Why is the contagion so limited? I asked that question of Dennis Kelleher, a co-founder of Better Markets, a nonprofit that advocates for financial regulation in the public interest. “The only reason we do not currently have a financial crisis, with a crash and with bailouts, is because regulators have withstood enormous pressure to allow interconnection and linkages between the crypto activities and the core of the financial and banking system,” he said. Because of their regulators’ stance, American banks are not collateralizing loans with cryptocurrencies, for instance. They are not freely trading crypto derivatives.
Meanwhile, an aversion to U.S. regulation has kept crypto businesses, many of which are based offshore, from getting more deeply involved in American finance. “If you are registered with the SEC and regulated by the SEC, you are required to have segregation of customer accounts,” Kelleher explained. “You’re required to have books and records. You’re required to have codes of conduct that include prohibitions on or identification of conflicts of interest. You’re prohibited from commingling funds. You’re required to have margin capital, and you have liquidity requirements.” Crypto companies “did not want that,” Kelleher said. He added: “It’s a Ponzi scheme. When there was tulip mania, at least when you lost all your money, you still had a tulip.”

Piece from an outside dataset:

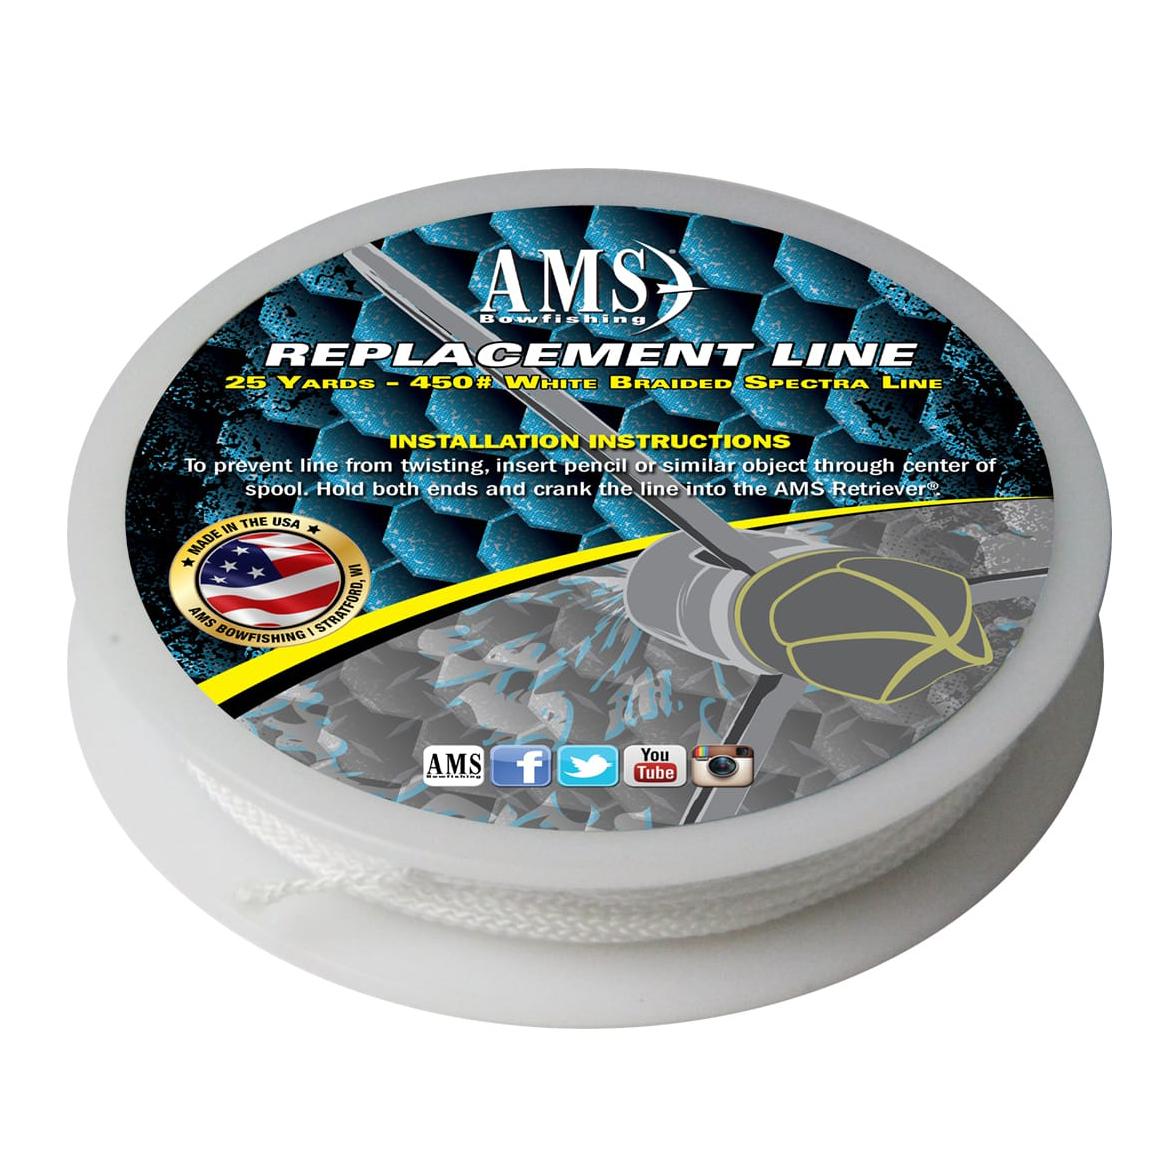 AMS Bowfishing Replacement Bowfishing Line, 450-lb, 25 Yards

Hays told me that members of Congress should keep the FTX debacle—and its so far limited impact—in mind when considering how to regulate crypto in the future. “The debate has centered around this idea that we need to foster special regulations for this new and growing industry,” he said. “Policy makers on both sides of the aisle really should be thinking about getting it right.”

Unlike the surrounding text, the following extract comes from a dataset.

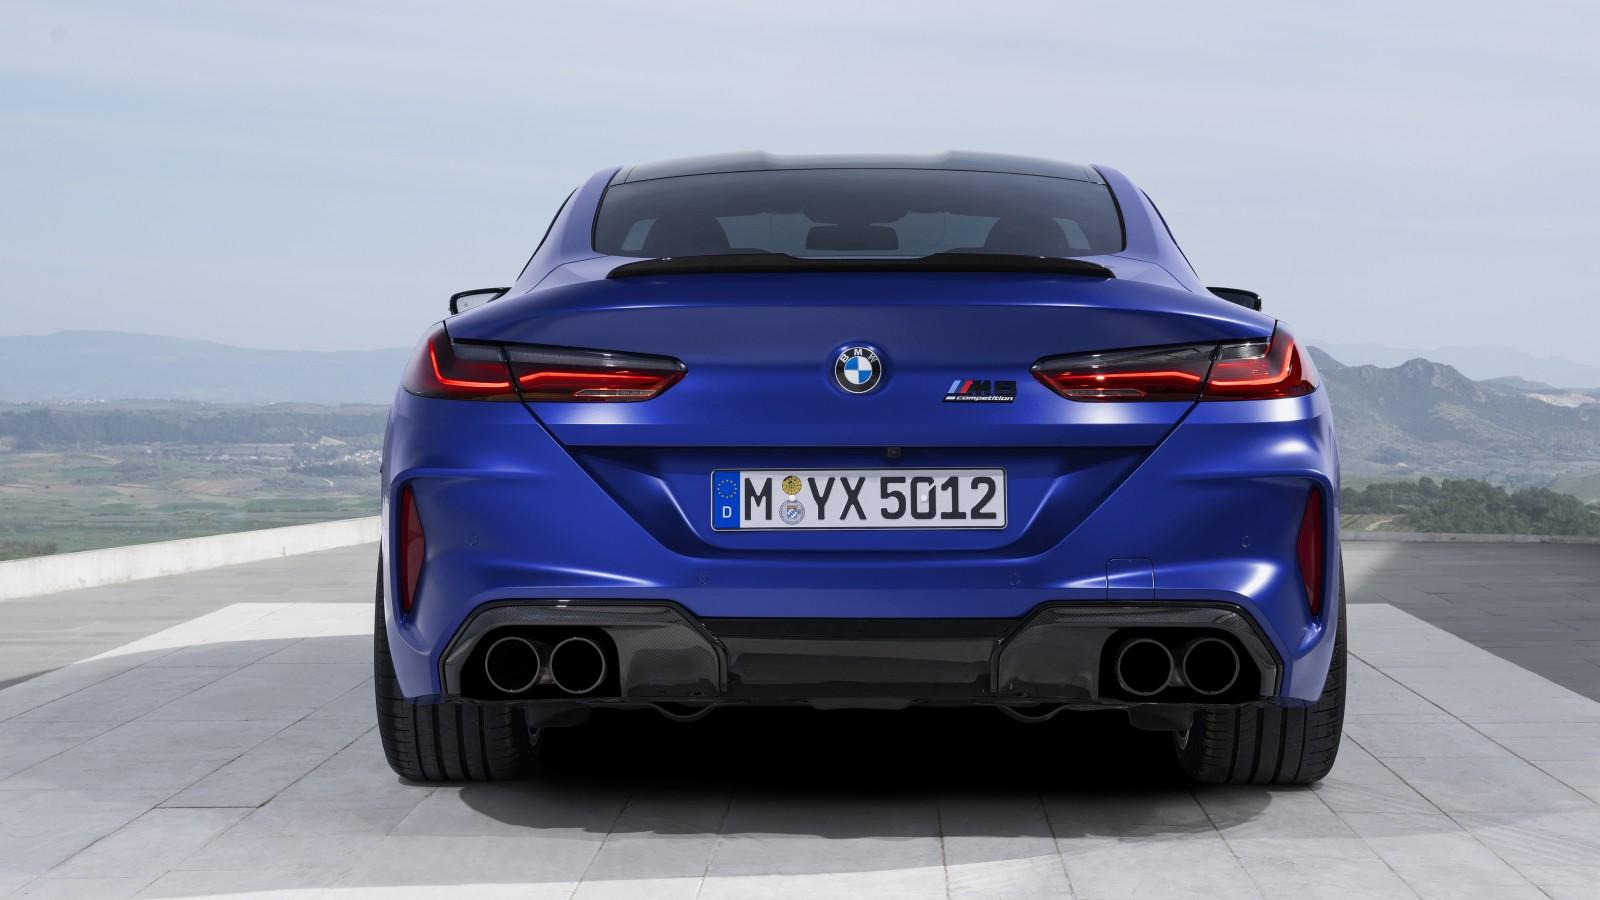 BMW M8 2015 >> BMW M8 Competition Coupe 2019 4K 3 Wallpaper | HD Car ...

A lack of financial contagion does not mean a lack of financial harm. The FTX collapse has caused billions of dollars of losses, and the crypto sell-off is clobbering the many small-scale investors who put a bit of cash into the volatile, moon-shot asset in the past few years. At least those kitchen-table investors are not being asked to bail out businesses caught making risky bets and misappropriating their clients’ funds.